They drove through Holborough High Street, where there was the faint stir and bustle of early morning, windows opening, a housemaid kneeling on a doorstep here and there, an occasional tradesman taking down his shutters. They drove past the fringe of prim little villas on the outskirts of the town, and away along a country road towards Arden; and once more Clarissa saw the things that she had dreamed of so often in her narrow white bed in the bleak dormitory at Belforêt. Every hedge-row and clump of trees from which the withered leaves were drifting in the autumn wind, every white-walled cottage with moss-grown thatch and rustic garden, woke a faint rapture in her breast. It was home. She remembered her old friends the cottagers, and wondered whether goody Mason were still alive, and whether Widow Green's fair-haired children would remember her. She had taught them at the Sunday-school; but they too must have grown from childhood to womanhood, like herself, and were out at service, most likely, leaving Mrs. Green's cottage lonely.

She thought of these simple things, poor child, having so little else to think about, on this, her coming home. She was not so foolish as to expect any warm welcome from her father. If he had brought himself just to tolerate her coming, she had sufficient reason to be grateful. It was only a drive of two miles from Holborough to Arden. They stopped at a lodge-gate presently; a little gothic lodge, which was gay with scarlet geraniums and chrysanthemums, and made splendid by railings of bronzed ironwork. Everything had a bright new look which surprised Miss Lovel, who was not accustomed to see such, perfect order or such fresh paint about her father's domain.

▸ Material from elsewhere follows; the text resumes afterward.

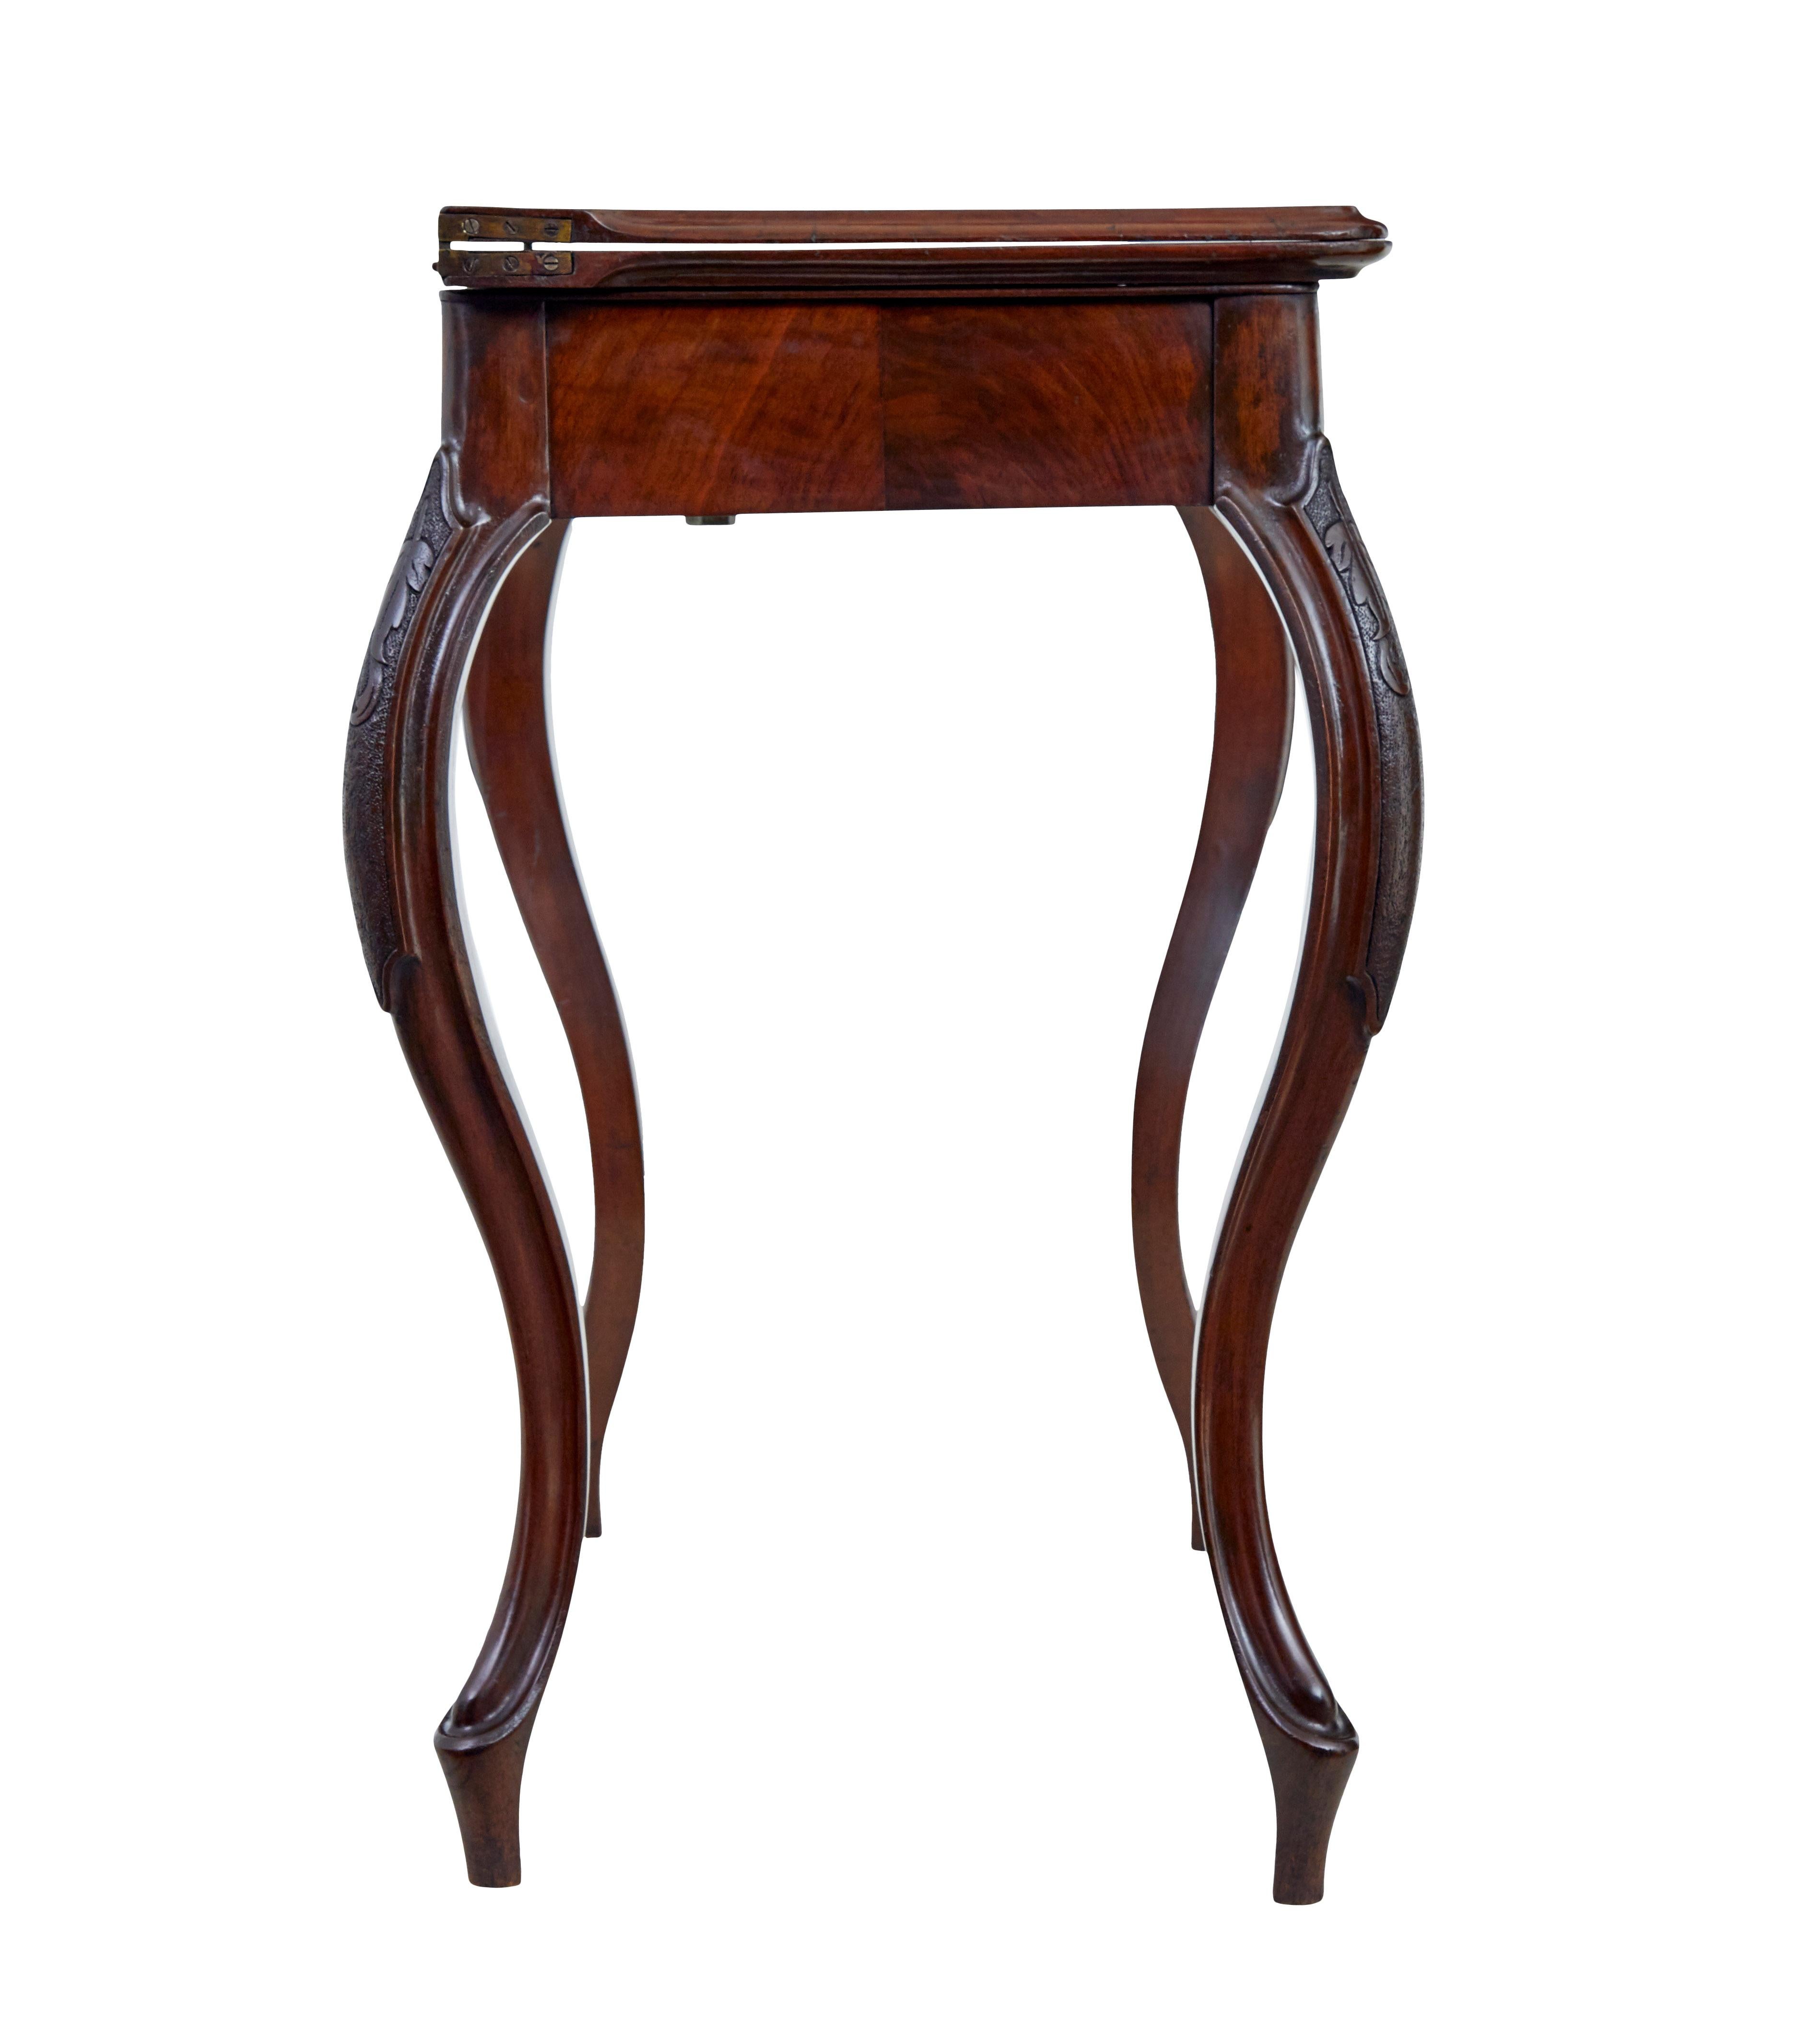 English 19th century carved mahogany games table

"How nice everything looks!" she said.

"Yes," answered her uncle, with a sigh; "the place is kept well enough nowadays."

A woman came out to open the gates--a brisk young person, who was a stranger to Clarissa, not the feeble old lodge-keeper she remembered in her childhood. The change, slight as it was, gave her a strange chill feeling.

"I wonder how many people that I knew are dead?" she thought.

They drove into the park, and here too, even in this autumn season, Clarissa perceived traces of care and order that were strange to her. The carriage road was newly gravelled, the chaos of underwood among the old trees had disappeared, the broad sweeps of grass were smooth and level as a lawn, and there were men at work in the early morning, planting rare specimens of the fir tribe in a new enclosure, which filled a space that had been bared twenty years before by Mr. Lovel's depredations upon the timber.

All this bewildered Clarissa; but she was still more puzzled, when, instead of approaching the Court the fly turned sharply into a road leading across a thickly wooded portion of the park, through which there was a public right of way leading to the village of Arden.

"The man is going wrong, uncle!" she exclaimed.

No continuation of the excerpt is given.